In 1982, Lipton created the Shareholder rights plan or poison pill, which has been described by Ronald Gilson of the Columbia and Stanford Law Schools as "the most important innovation in corporate law since Samuel Calvin Tate Dodd invented the trust for John D. Rockefeller and Standard Oil in 1879." In 1992 Lipton served on the Subcouncil on Corporate Governance and Financial Markets of the United States Competitiveness Policy Council which resulted in his co-authoring with his fellow member of the Subcouncil, Jay Lorsch of Harvard Business School, an article "A Modest Proposal for Improved Corporate Governance", which became the template for much of the basic corporate governance principles that were adopted in the 1990s.

In 2007, he authored The Many Myths of Lucian Bebchuk, published in the Virginia Law Review.

==Boards, memberships and awards==
Lipton has served as chairman of Prep for Prep, chairman of the Jerusalem Foundation, chairman of the Lawyers Division of UJA-Federation, trustee of Temple Emanu-El of New York, member of the council of the American Law Institute, director of the Institute of Judicial Administration, trustee of the University of Pennsylvania, member of the International Advisory Council of the Guanghua School of Management of Peking University and member of the Corporate Governance Committee of the U.S. Commission on Competitiveness. Lipton served as special counsel to the Ethics Commission of the International Olympic Committee in connection with the Utah Winter Olympics, and co-chair, with former N.Y. Chief Judge Judith Kaye, of the N.Y. Chief Judge's Task Force on Commercial Litigation in the 21st Century.

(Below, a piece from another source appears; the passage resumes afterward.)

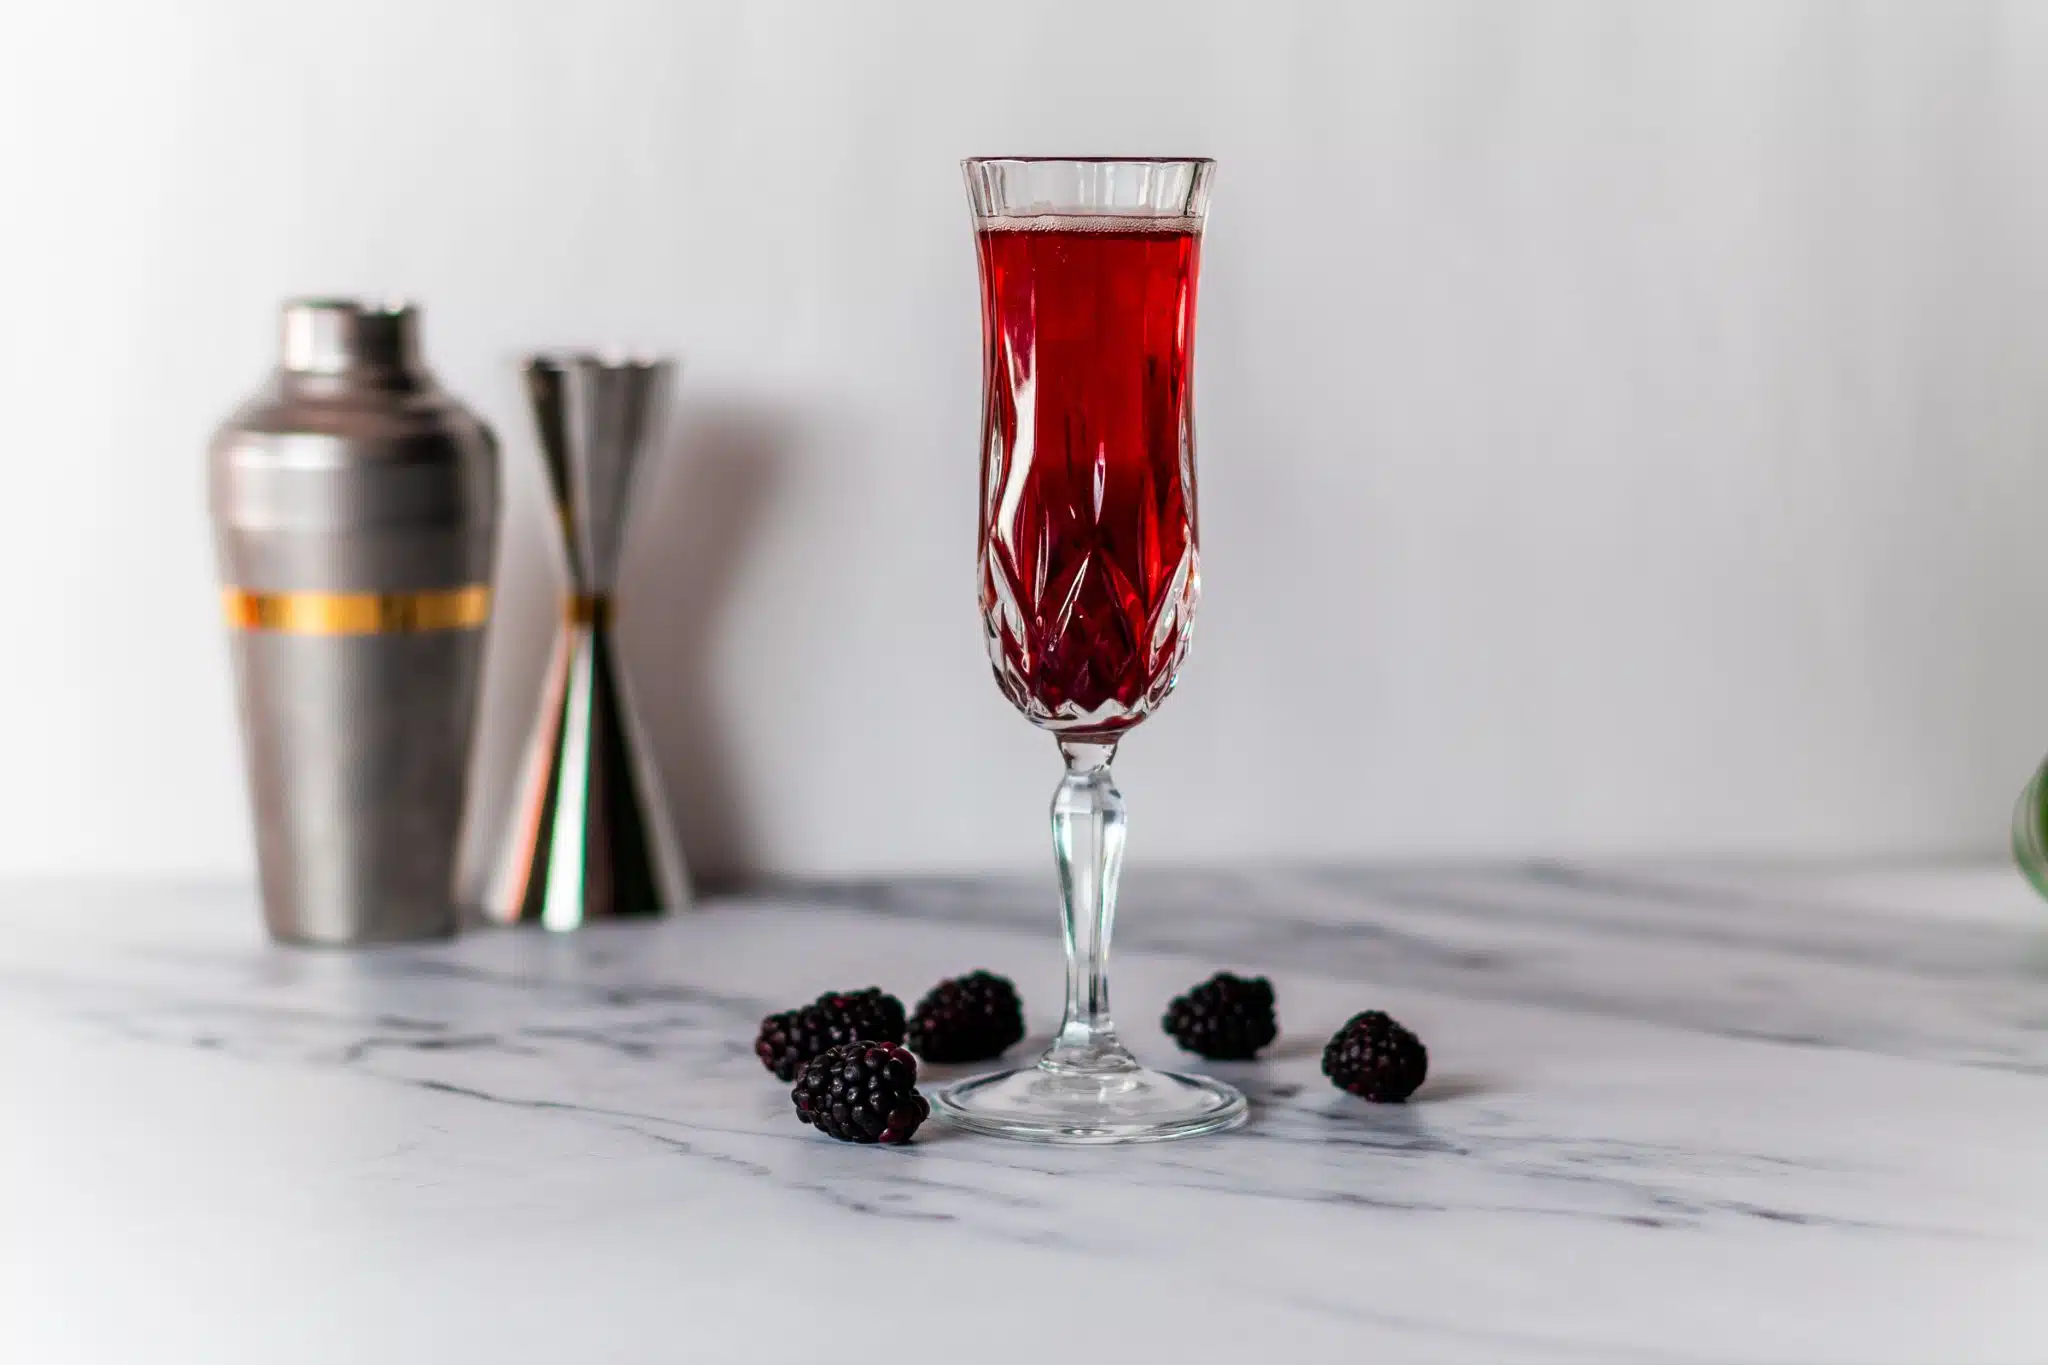 A side shot of a Kir Royale cocktail in a champagne flute on a white marmol table surrounded by berries and a shaker and a jigger on the background

Lipton has received honors from organizations, including the Wharton School, New York University School of Law, New York University, the Legal Aid Society, and the NYU Langone Medical Center. Since 1985 Lipton has been on each list of the National Law Journal of the 100 Most Influential Lawyers in America.

Lipton served as counsel to the New York Stock Exchange Committee on Market Structure, Governance and Ownership (1999–2000), as counsel to, and member of, its Committee on Corporate Accountability and Listing Standards Corporate Governance (2002) and as chairman of its Legal Advisory Committee (2002–2004). Lipton is a member of the executive committee of the Partnership for New York City and served as its co-chair (2004–2006).

He is a member of American Academy of Arts & Sciences and a Chevalier de la Légion d'Honneur. Lipton served on the Board of Trustees at New York University Stern School of Business from 2015 to at least 2023.